Based on the evaluation results, we can draw the following conclusions. First, the word embeddings trained from EHR and MedLit can capture the semantics of medical terms better, and find semantically relevant medical terms closer to human experts' judgments than those trained from GloVe and Google News. Second, there does not exist a consistent global ranking of word embeddings for all downstream biomedical NLP applications. However, adding word embeddings as extra features will improve results on most downstream tasks. Finally, the word embeddings trained from the biomedical domain corpora do not necessarily have better performance than those trained from the general domain corpora for any downstream biomedical NLP task.
由于向量表示能够捕获有用的语义属性和单词之间的语言关系,因此词嵌入在生物医学自然语言处理(NLP)应用中得到了广泛应用。生物医学 NLP 中利用了不同的文本资源(例如,维基百科和生物医学文献语料库)来训练词嵌入,这些词嵌入通常被用作下游机器学习模型的特征输入。然而,对于从不同文本资源训练的词嵌入的评估,几乎没有工作。

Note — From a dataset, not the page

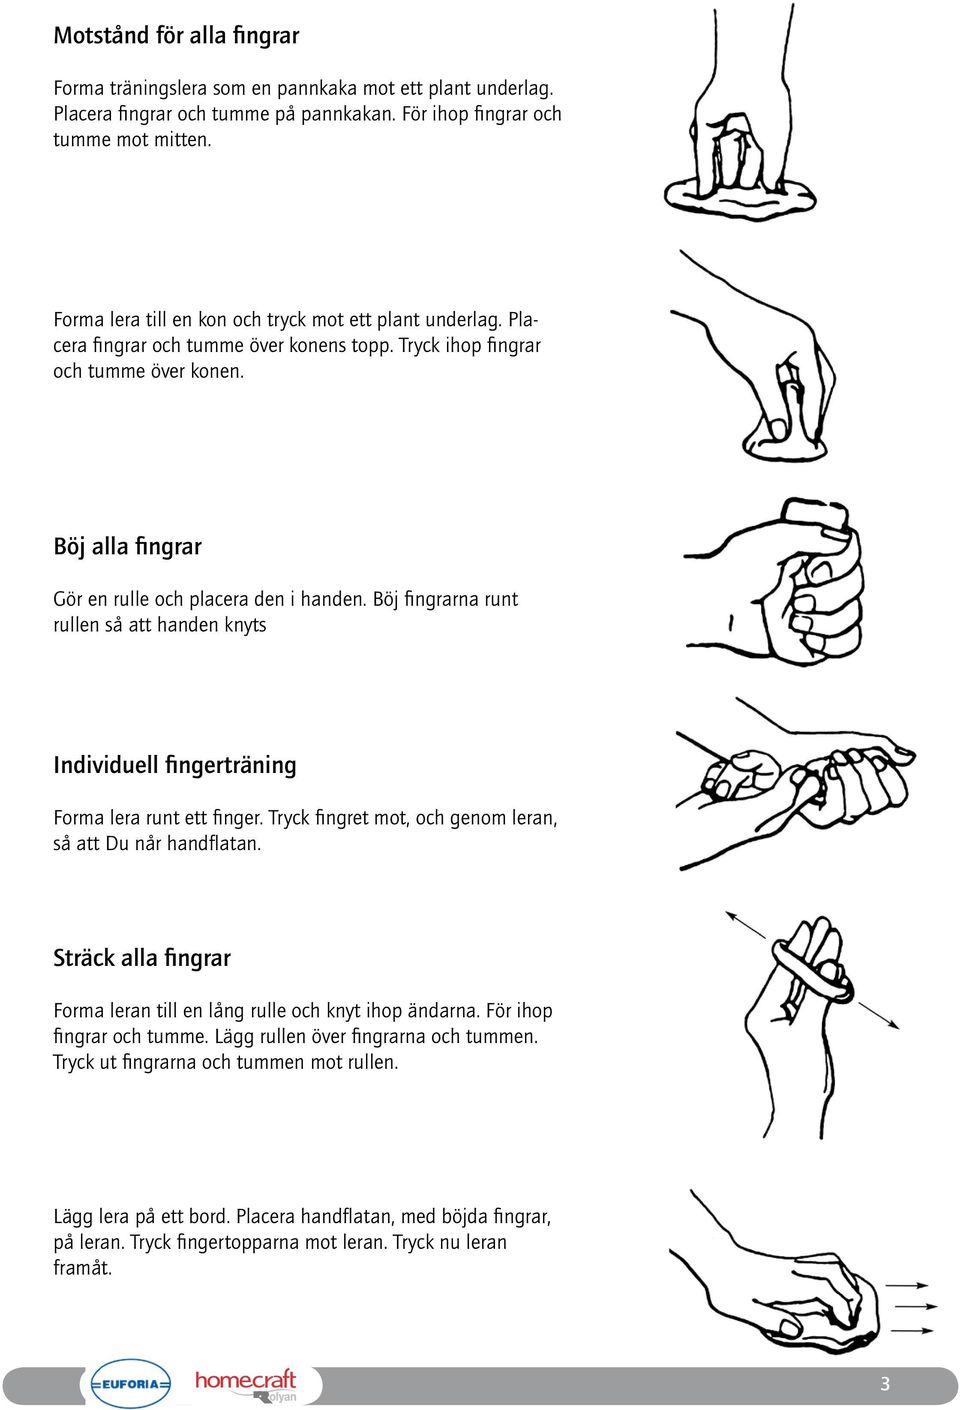 Böj fingrarna runt rullen så att handen knyts Individuell fingerträning Forma lera runt ett finger. Tryck fingret mot, och genom leran, så att Du når handflatan.

在这项研究中,我们从四个不同的语料库(即临床笔记、生物医学出版物、维基百科和新闻)中进行了实证评估。对于前两个资源,我们分别使用 Mayo 诊所提供的非结构化电子健康记录(EHR)数据和来自 PubMed Central 的文章(MedLit)来训练词嵌入。对于后两个资源,我们使用了可公开获得的预训练词嵌入 GloVe 和 Google News。评估是定性和定量进行的。对于定性评估,我们从三个类别(即疾病、症状和药物)中随机选择了医学术语,并手动检查了为每个术语计算的五个最相似的词。我们还通过 377 个医学术语的二维可视化图来分析词嵌入。对于定量评估,我们进行了内在和外在评估。对于内在评估,我们通过使用四个已发布的数据集来评估词嵌入捕捉医学语义的能力:Pedersen 的数据集、Hliaoutakis 的数据集、MayoSRS 和 UMNSRS。对于外在评估,我们将词嵌入应用于多个下游生物医学 NLP 应用程序,包括来自共享任务的临床信息提取(IE)、生物医学信息检索(IR)和关系提取(RE)。

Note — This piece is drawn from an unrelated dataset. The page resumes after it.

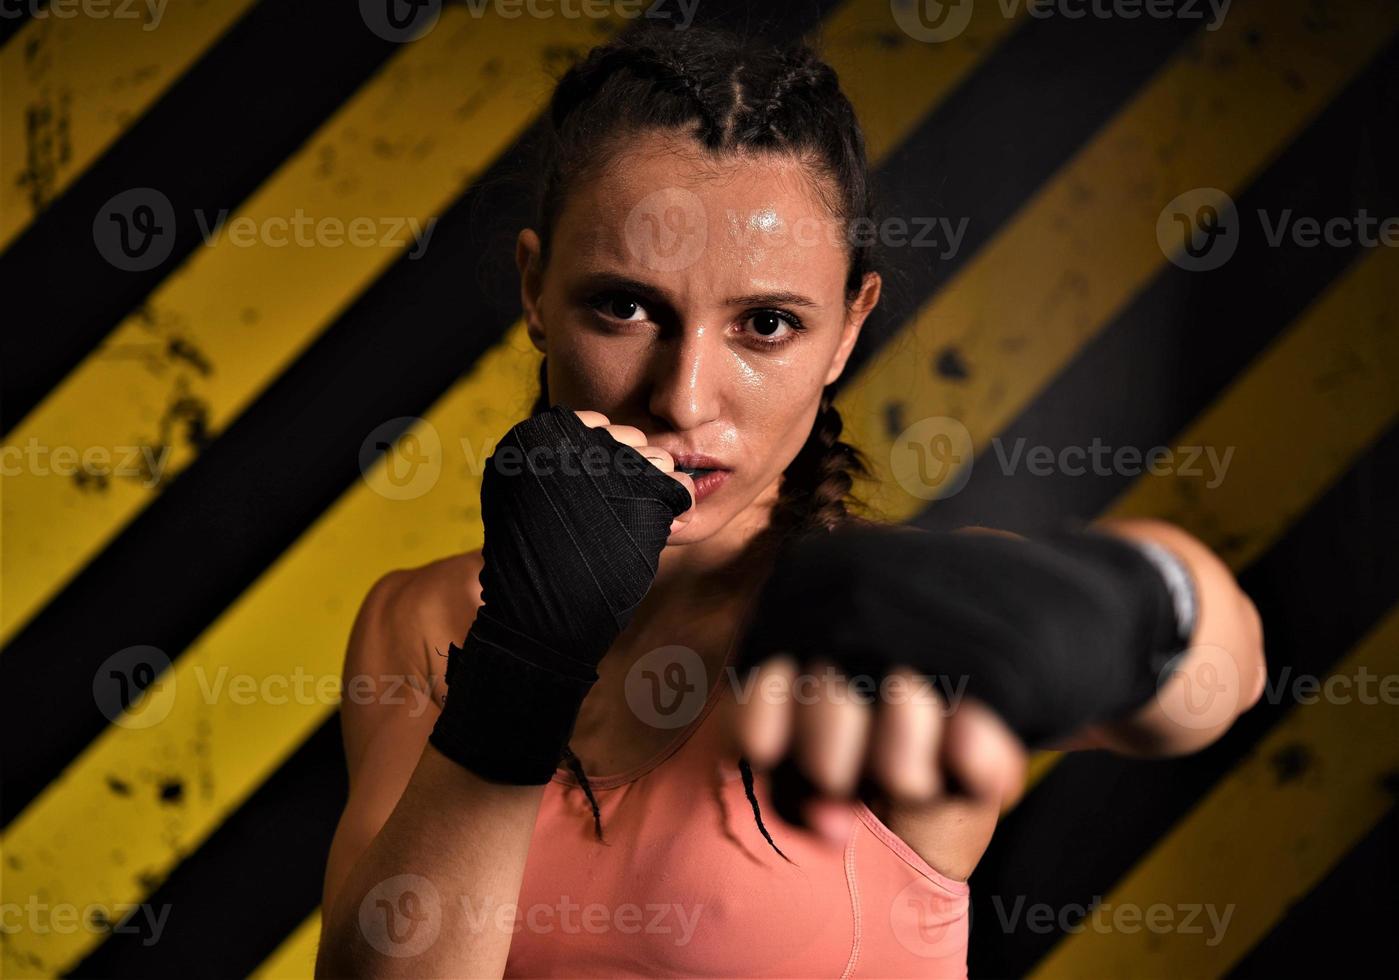 mma mujeres combatiente duro polluelo boxeador puñetazo pose bonita ejercicio formación cruzar atleta foto

定性评估表明,从 EHR 和 MedLit 训练的词嵌入可以找到比从 GloVe 和 Google News 训练的词嵌入更多的相似医学术语。内在的定量评估验证了从 EHR 训练的词嵌入捕捉到的语义与人类专家在所有四个测试数据集上的判断更为接近。外在的定量评估表明,在临床 IE 任务中,从 EHR 训练的词嵌入的 F1 得分最高为 0.900;没有词嵌入可以提高生物医学 IR 任务的性能;在 RE 任务中,从 Google News 训练的词嵌入的整体 F1 得分最佳为 0.790。
根据评估结果,我们可以得出以下结论。首先,从 EHR 和 MedLit 训练的词嵌入可以更好地捕获医学术语的语义,并且找到与人类专家判断更相关的语义相关医学术语,而不是从 GloVe 和 Google News 训练的词嵌入。其次,对于所有下游生物医学 NLP 应用程序,并不存在一致的全局词嵌入排名。但是,添加词嵌入作为额外特征将提高大多数下游任务的结果。最后,对于任何下游生物医学 NLP 任务,从生物医学领域语料库训练的词嵌入并不一定比从一般领域语料库训练的词嵌入具有更好的性能。